**Your assignment**
The answer must be an exact reprint of the lines from the one with "Gate-Blue-Square / Cat-Acetate-Eyeglasses-additional1" through the final line of the data, with no pictures included.

**Supplied data**
---

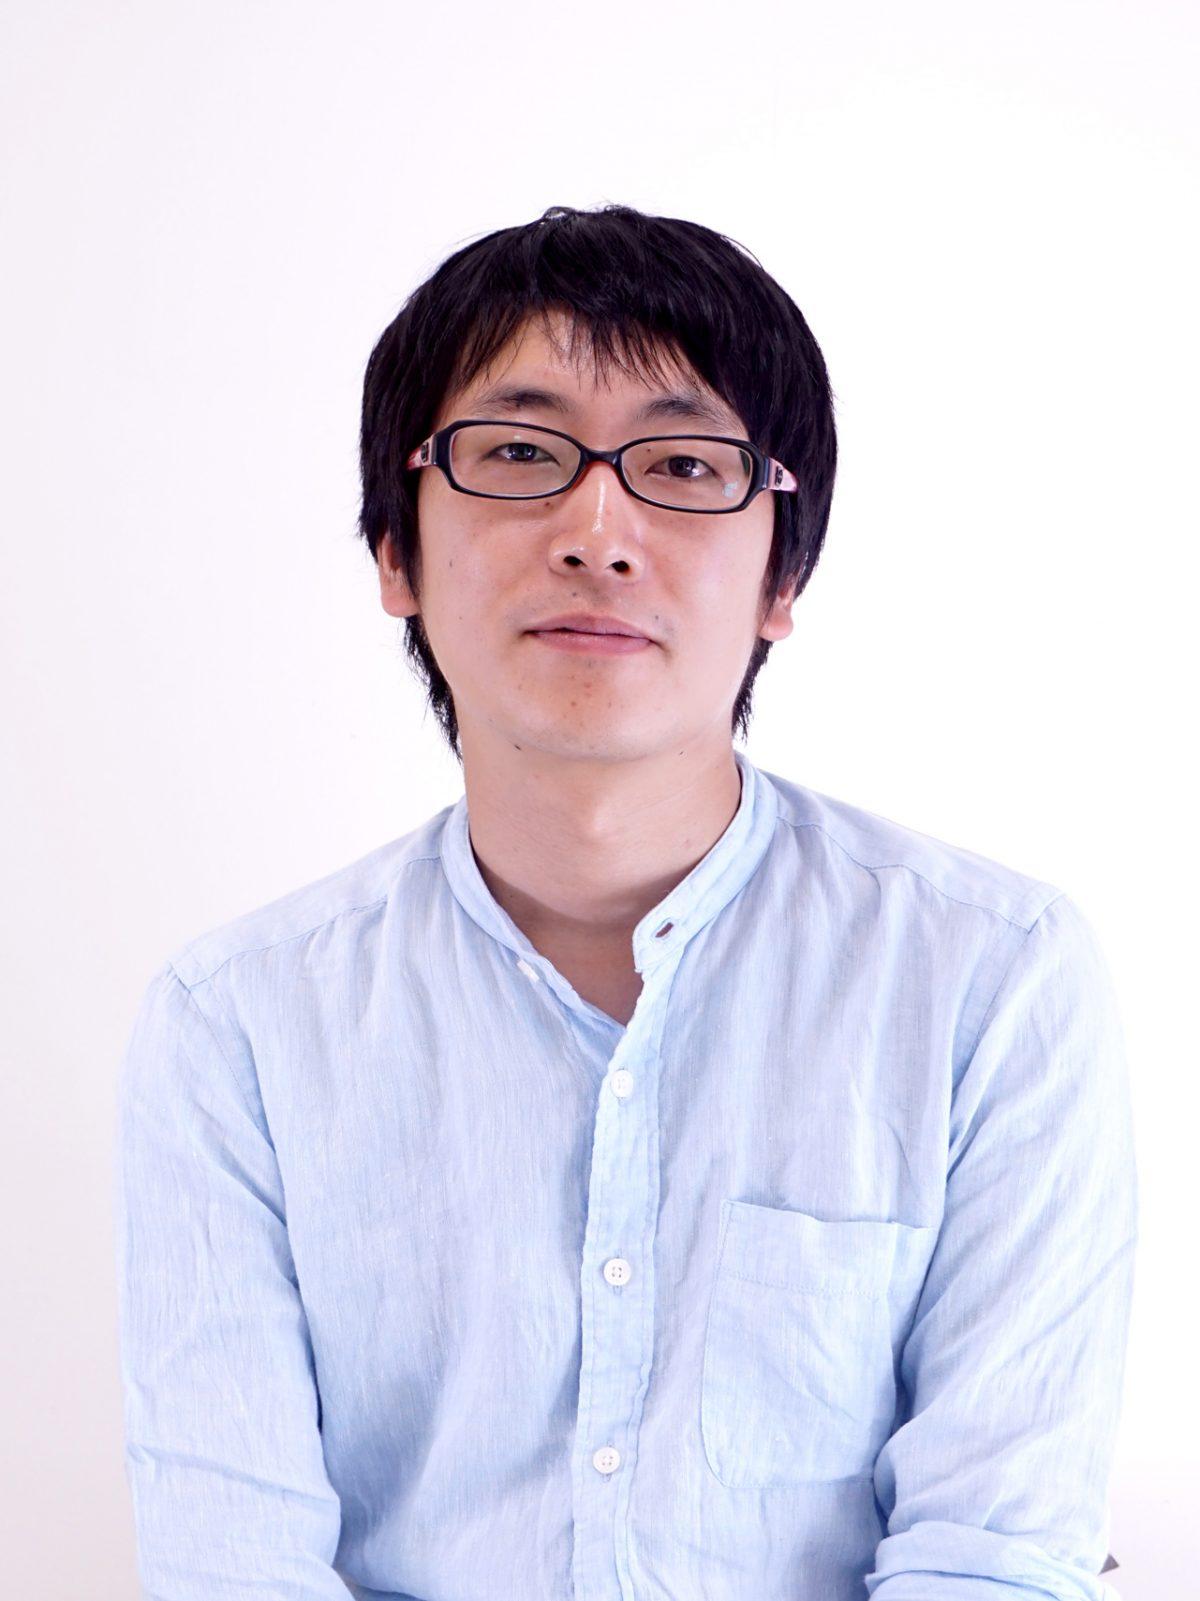 伊藤毅Tsuyoshi Itou
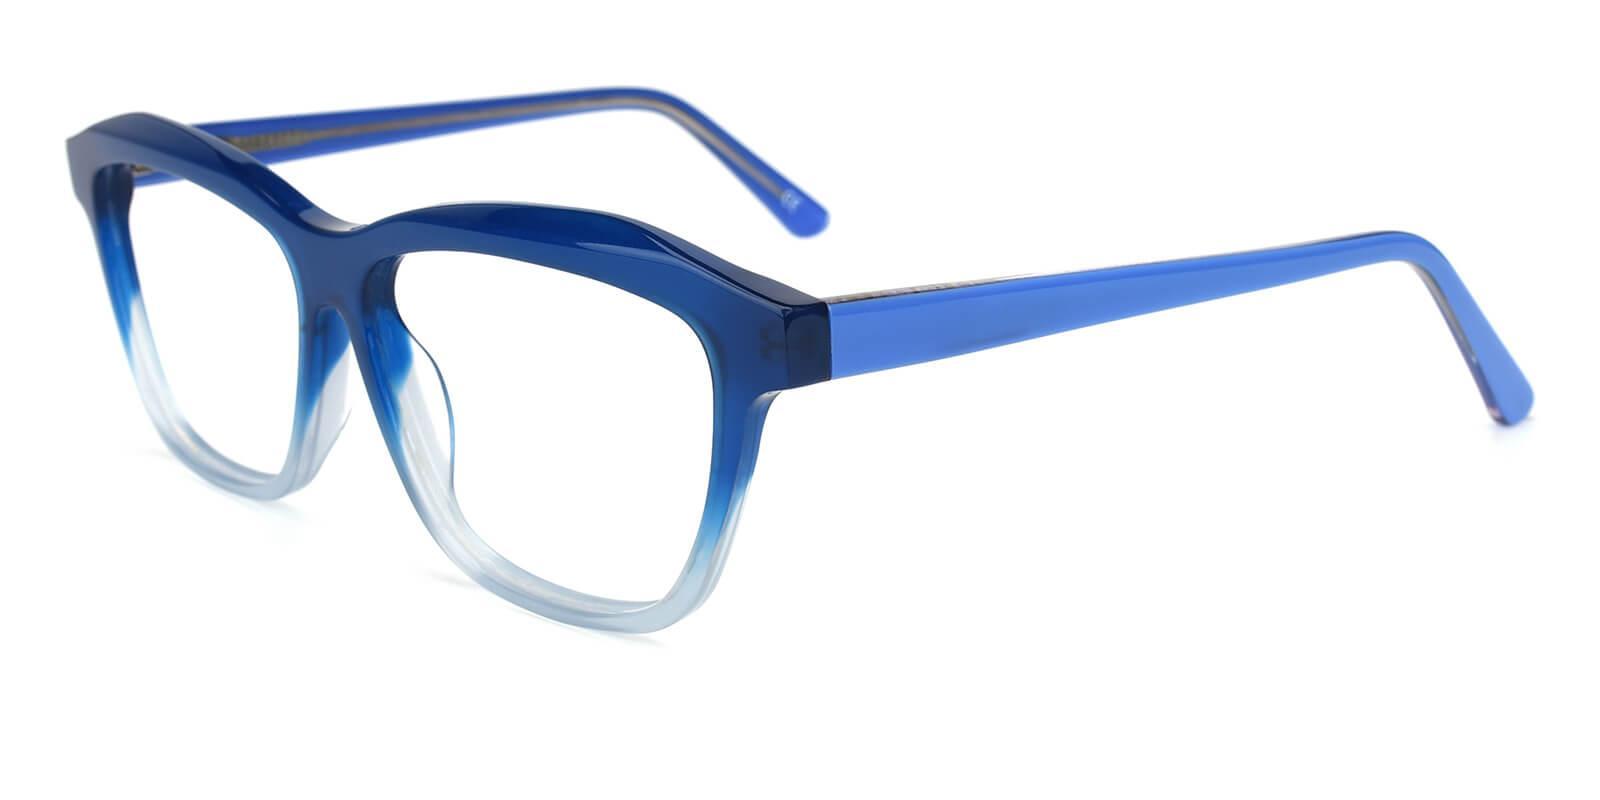 Gate-Blue-Square / Cat-Acetate-Eyeglasses-additional1
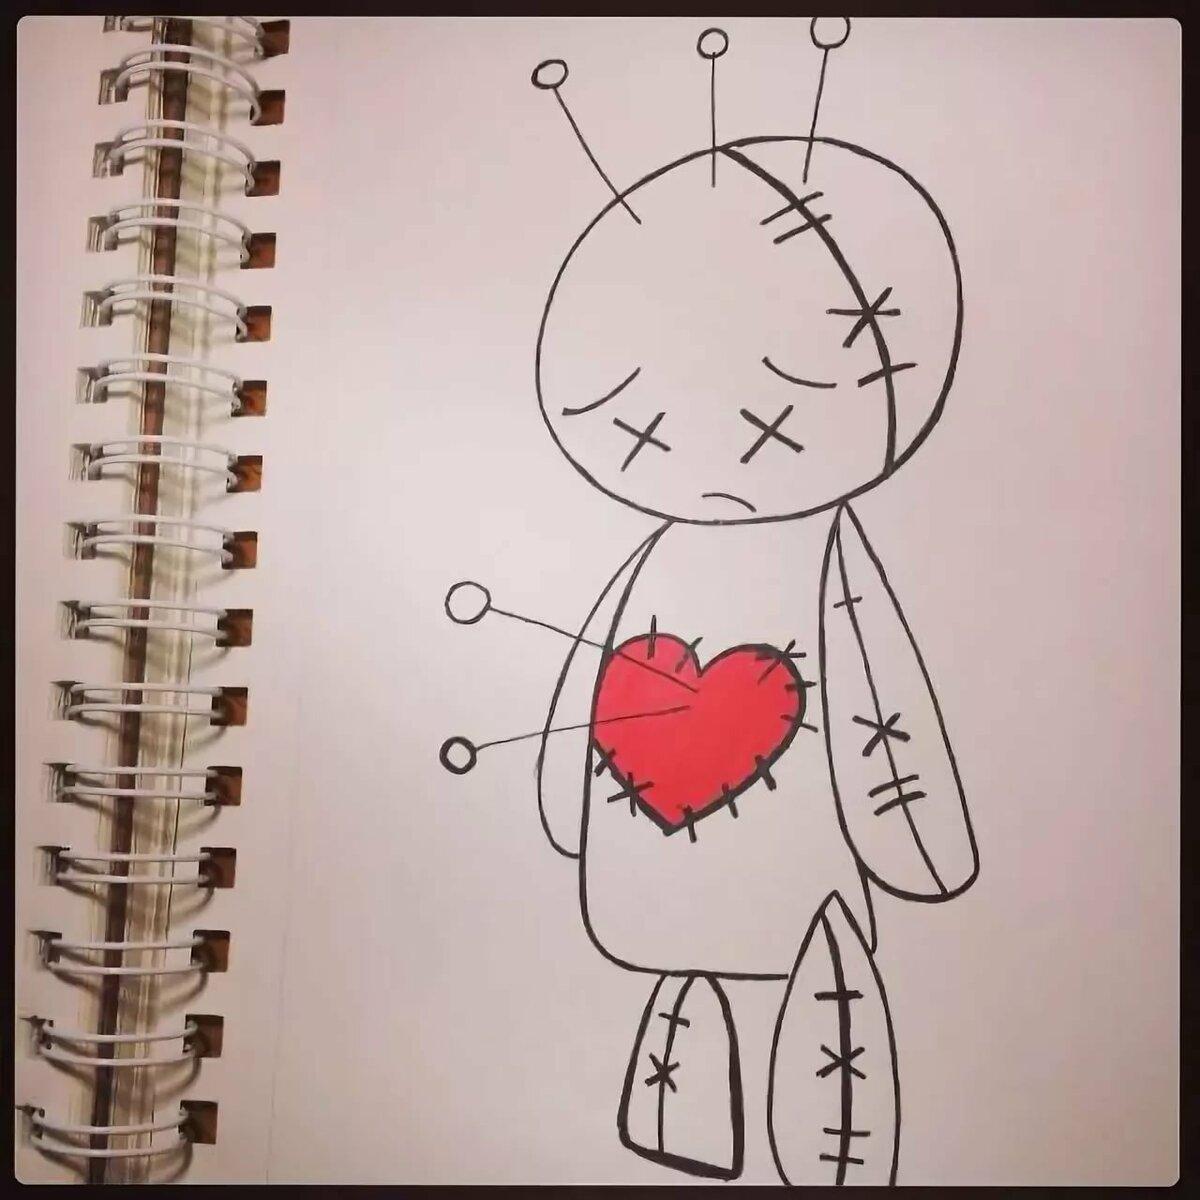 Картинки стихи, рисунок для любимого карандашом

---

**Solved problem**
 Gate-Blue-Square / Cat-Acetate-Eyeglasses-additional1
 Картинки стихи, рисунок для любимого карандашом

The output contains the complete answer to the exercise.